PyTorch: The Training Loop
import torch
import torch.nn as nn
from torch.utils.data import DataLoader, TensorDataset
# Define model
class MLP(nn.Module):
def __init__(self, in_dim, hidden, out_dim):
super().__init__()
self.net = nn.Sequential(
nn.Linear(in_dim, hidden), nn.ReLU(), nn.Dropout(0.2),
nn.Linear(hidden, hidden), nn.ReLU(), nn.Dropout(0.2),
nn.Linear(hidden, out_dim)
)
def forward(self, x): return self.net(x)
device = torch.device('cuda' if torch.cuda.is_available() else 'cpu')
model = MLP(784, 256, 10).to(device)
optimizer = torch.optim.AdamW(model.parameters(), lr=1e-3, weight_decay=1e-4)
scheduler = torch.optim.lr_scheduler.CosineAnnealingLR(optimizer, T_max=50)

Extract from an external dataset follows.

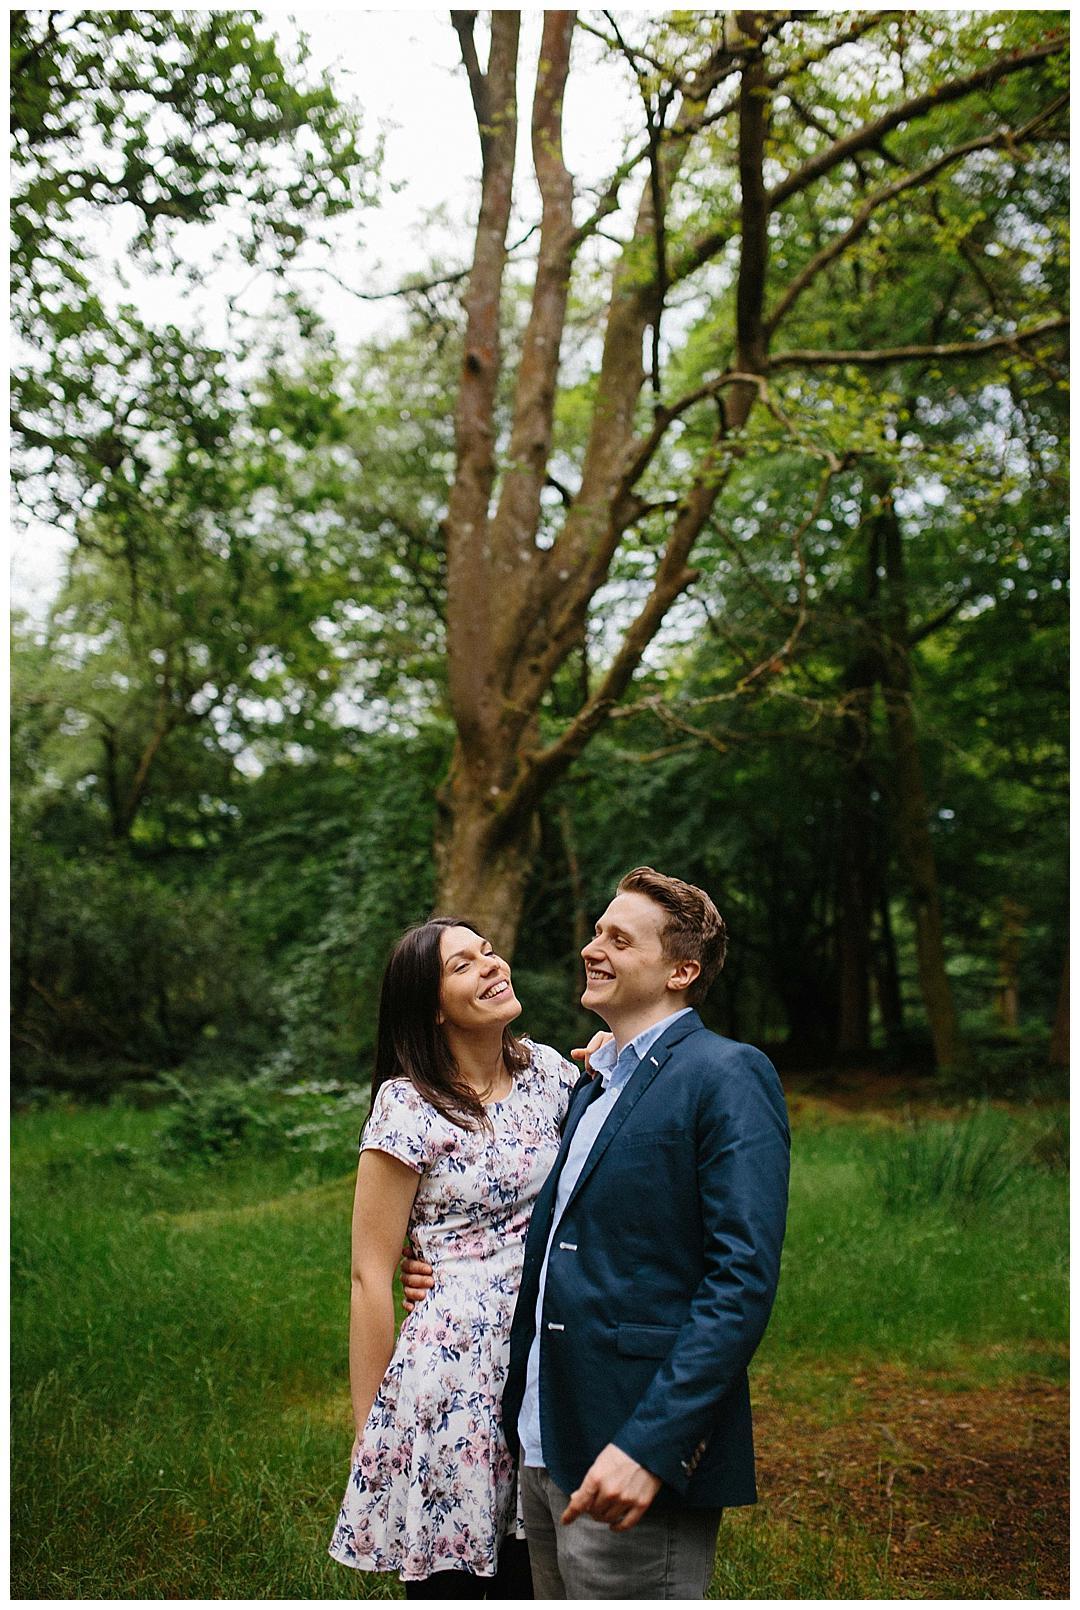 We_can _be_Heroes_alternative_wedding_photographer_Ireland_0047

criterion = nn.CrossEntropyLoss()
# Training loop (canonical pattern)
for epoch in range(num_epochs):
model.train()
for X_batch, y_batch in train_loader:
X_batch, y_batch = X_batch.to(device), y_batch.to(device)
optimizer.zero_grad()
pred = model(X_batch)
loss = criterion(pred, y_batch)
loss.backward()
nn.utils.clip_grad_norm_(model.parameters(), max_norm=1.0) # gradient clipping
optimizer.step()
scheduler.step()
model.eval()
with torch.no_grad(): # disable gradient computation
# compute val loss and accuracy
pass
Common Bugs: Forgetting model.eval() before inference (dropout stays active!), forgetting zero_grad() (gradients accumulate!), using .detach() incorrectly. Always call these in the right order.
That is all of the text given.